Mr O'Flynn is appealing a High Court ruling last summer preventing him from objecting to the PIA made in favour of his neighbour, Mr O’Driscoll, from Ovens, Co Cork.
The appeal, which was heard over a day at the Four Courts, centred on the interpretation of the 2012 Personal Insolvency Act, the meaning of the word creditor, and Mr O’Flynn’s entitlement to raise an objection. The court’s decision will have ramifications for all future cases.
Mr O’Flynn’s side contended the appeal raises issues of great significance to every creditor in every single insolvency application and affects the position of creditors in objections under sections of the Act.

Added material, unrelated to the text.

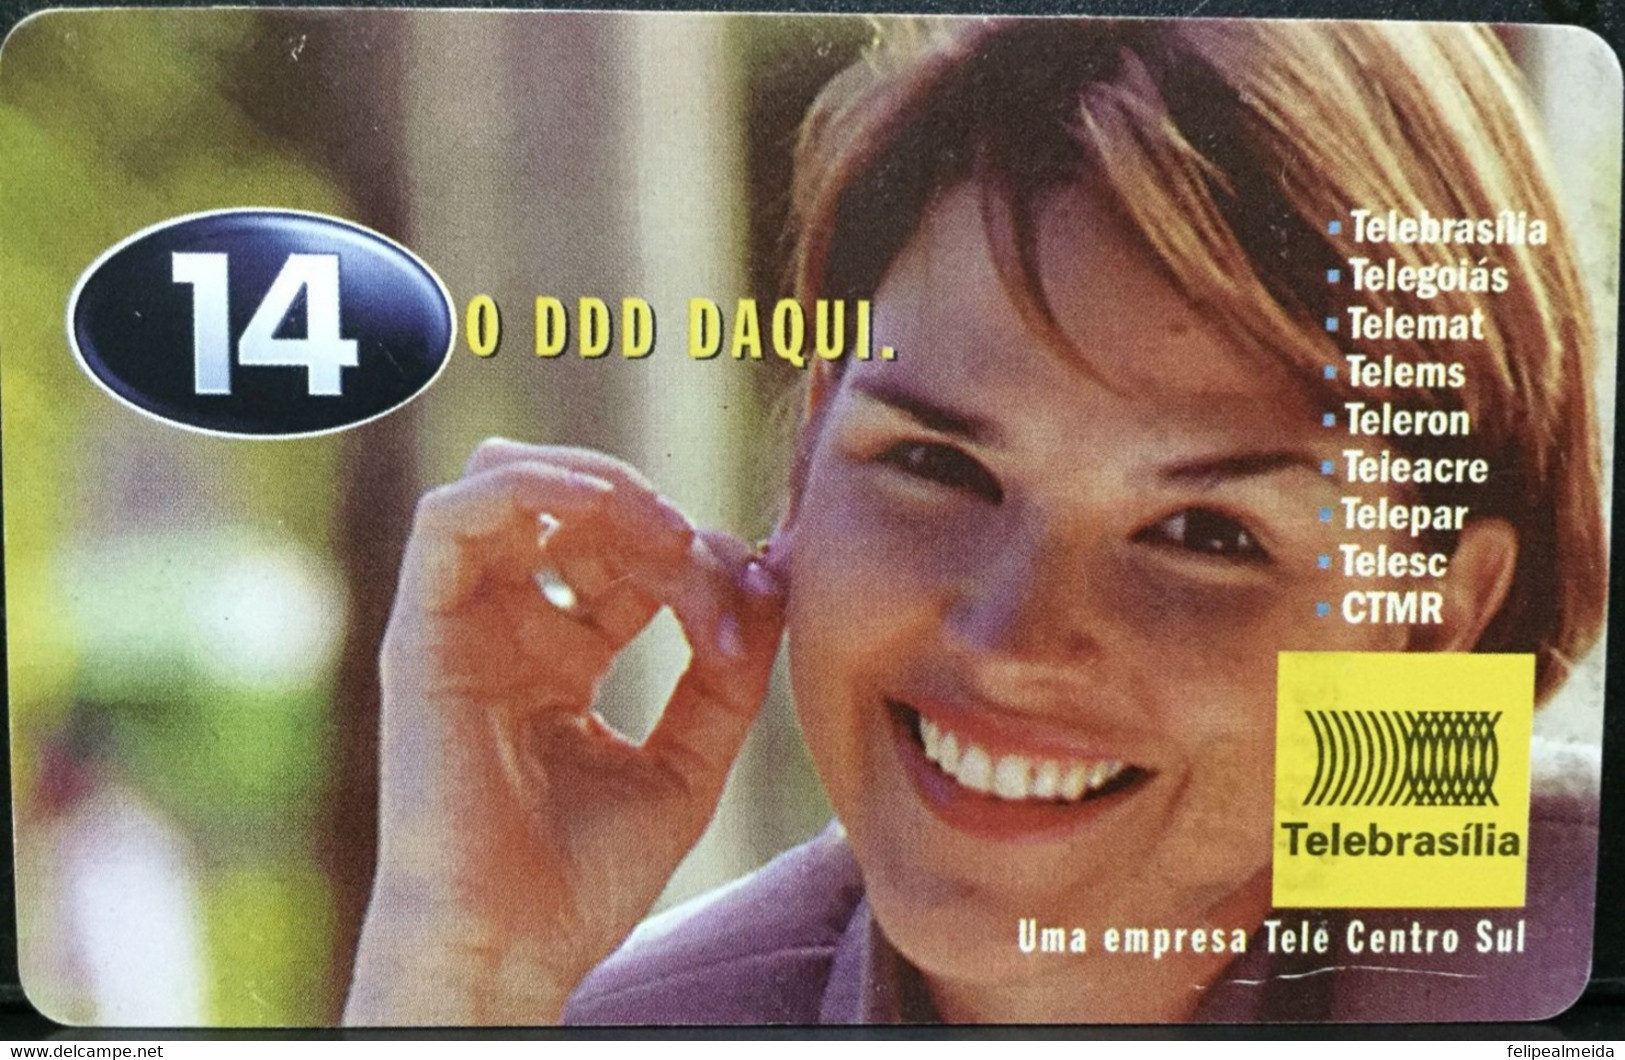 Phone Card Manufactured By Telebrasilia In 1999 - Information Card On The Use Of DDD In Calls - Telecom Operators

It said the appeal mandates an analysis of rights of creditors to object whether they proved their debt or not.
The five-judge court, presided over by the Chief Justice, Mr Justice Donal O’Donnell, reserved its decision after hearing legal submissions.

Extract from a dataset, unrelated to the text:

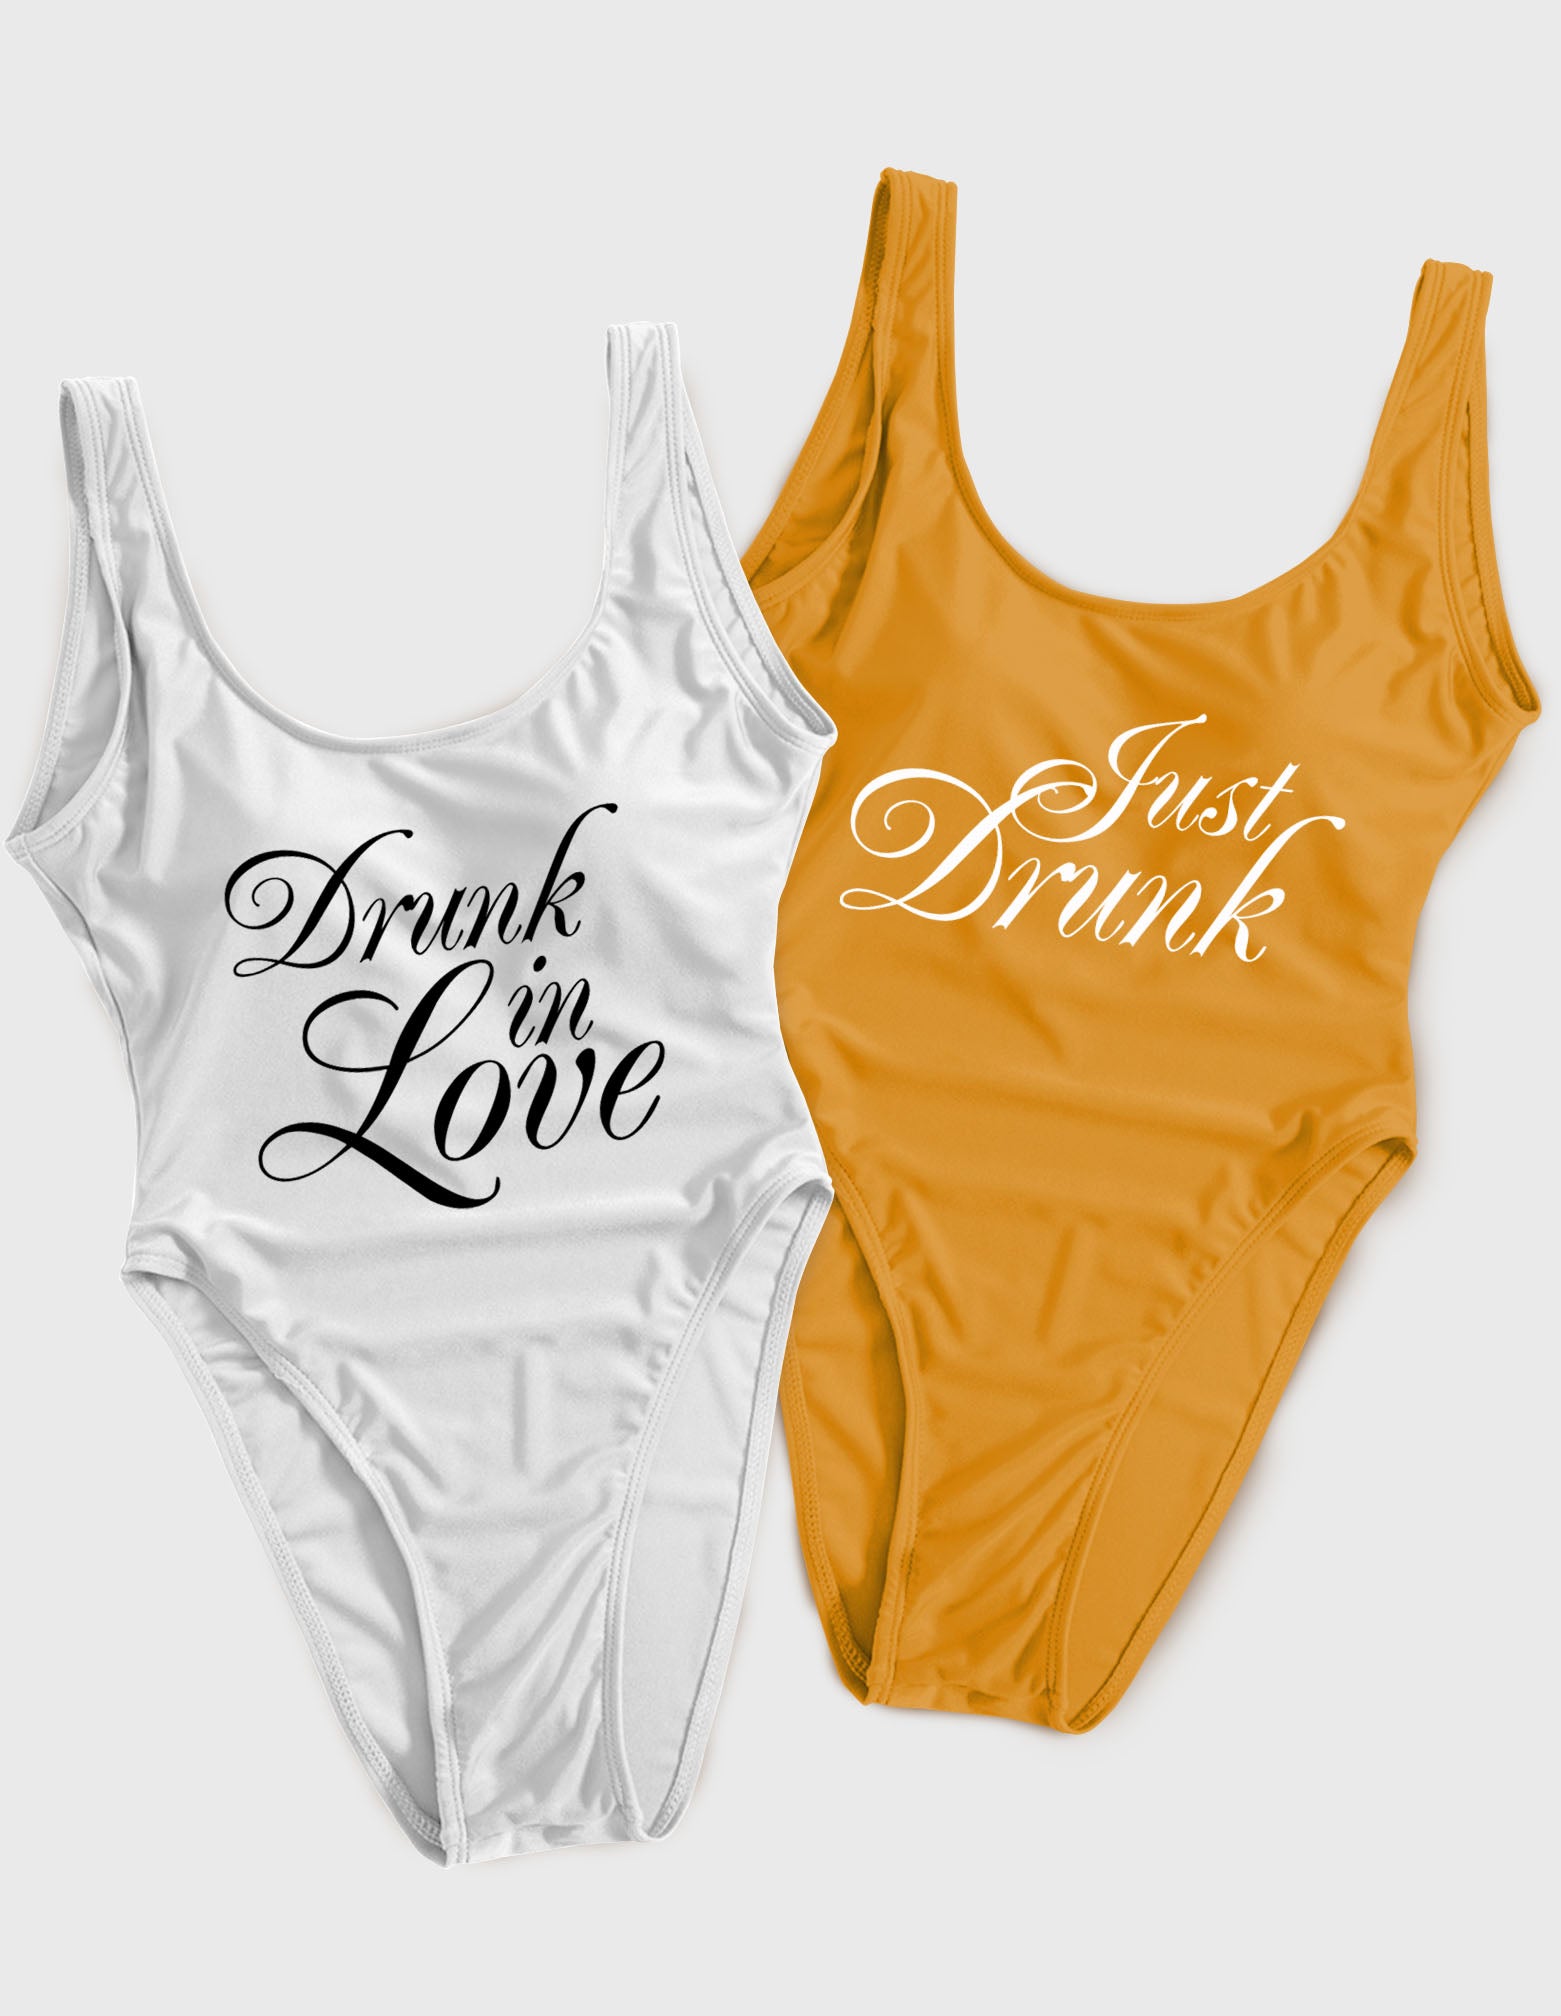 Drunk-in-Love & Just Drunk Style 2 (276, 281) Swimsuit

Mr O’Flynn claims Mr O’Driscoll allegedly owes him over €750,000 and was allegedly not insolvent when Mr O'Driscoll sought and was granted a PIA by the courts.
Mr O’Flynn claims he advanced a loan to a pub business Mr O’Driscoll was involved in, and, as a result, it is claimed that Mr O’Driscoll became a signatory to a €2.2 million loan guarantee in favour of the developer and the two became shareholders in the business.
Mr O’Driscoll rejects the claim that he was not insolvent.
Appeals
Last July, upholding a decision previously made by the Circuit Court, the High Court ruled that Mr O’Flynn had no right to be heard in relation to the O’Driscoll PIA.
Mr Justice Alexander Owens agreed that Mr O’Flynn lacked the locus standi to be heard because, despite being invited by Mr O’Driscoll’s Personal Insolvency Practitioner to file a proof of debt, he did not do so.
The judge said the 2012 Personal Insolvency Act was quite clear and participation in the creditor process depends on proof of debt. The developer then applied to the Supreme Court which agreed to hear the appeal because it raised a matter of general public importance.
Mr O’Flynn’s counsel, Martin Hayden SC with Keith Farry BL, told the court on Thursday Mr O’Flynn was still a creditor as he had not gone through a process.
He said in the PIA, Mr O’Flynn was there “with debt not proven €1” opposite his name. It was marked as a contingent liability.
Counsel said his side would claim that Mr O’Driscoll was not insolvent at the time.
Bernard Dunleavy SC, for Alan McGee, O’Driscoll’s personal insolvency practitioner (PIP), with barrister Keith Rooney, instructed by Carley and Associates, submitted that the Insolvency Act is a map for the PIP and “there are different forks in the road”.
“Mr O’Flynn decided not to participate in the process,” counsel said.
Asked by a judge if he accepted that a creditor was somebody affected by the process, Counsel said he would accept that.
Asked what would happen if the Supreme Court appeal was successful, Mr Dunleavy said it would expose the personal insolvency arrangement, which the court heard had been approved last year, “to be unravelled” and it would have to go back to the Circuit Court for further hearing.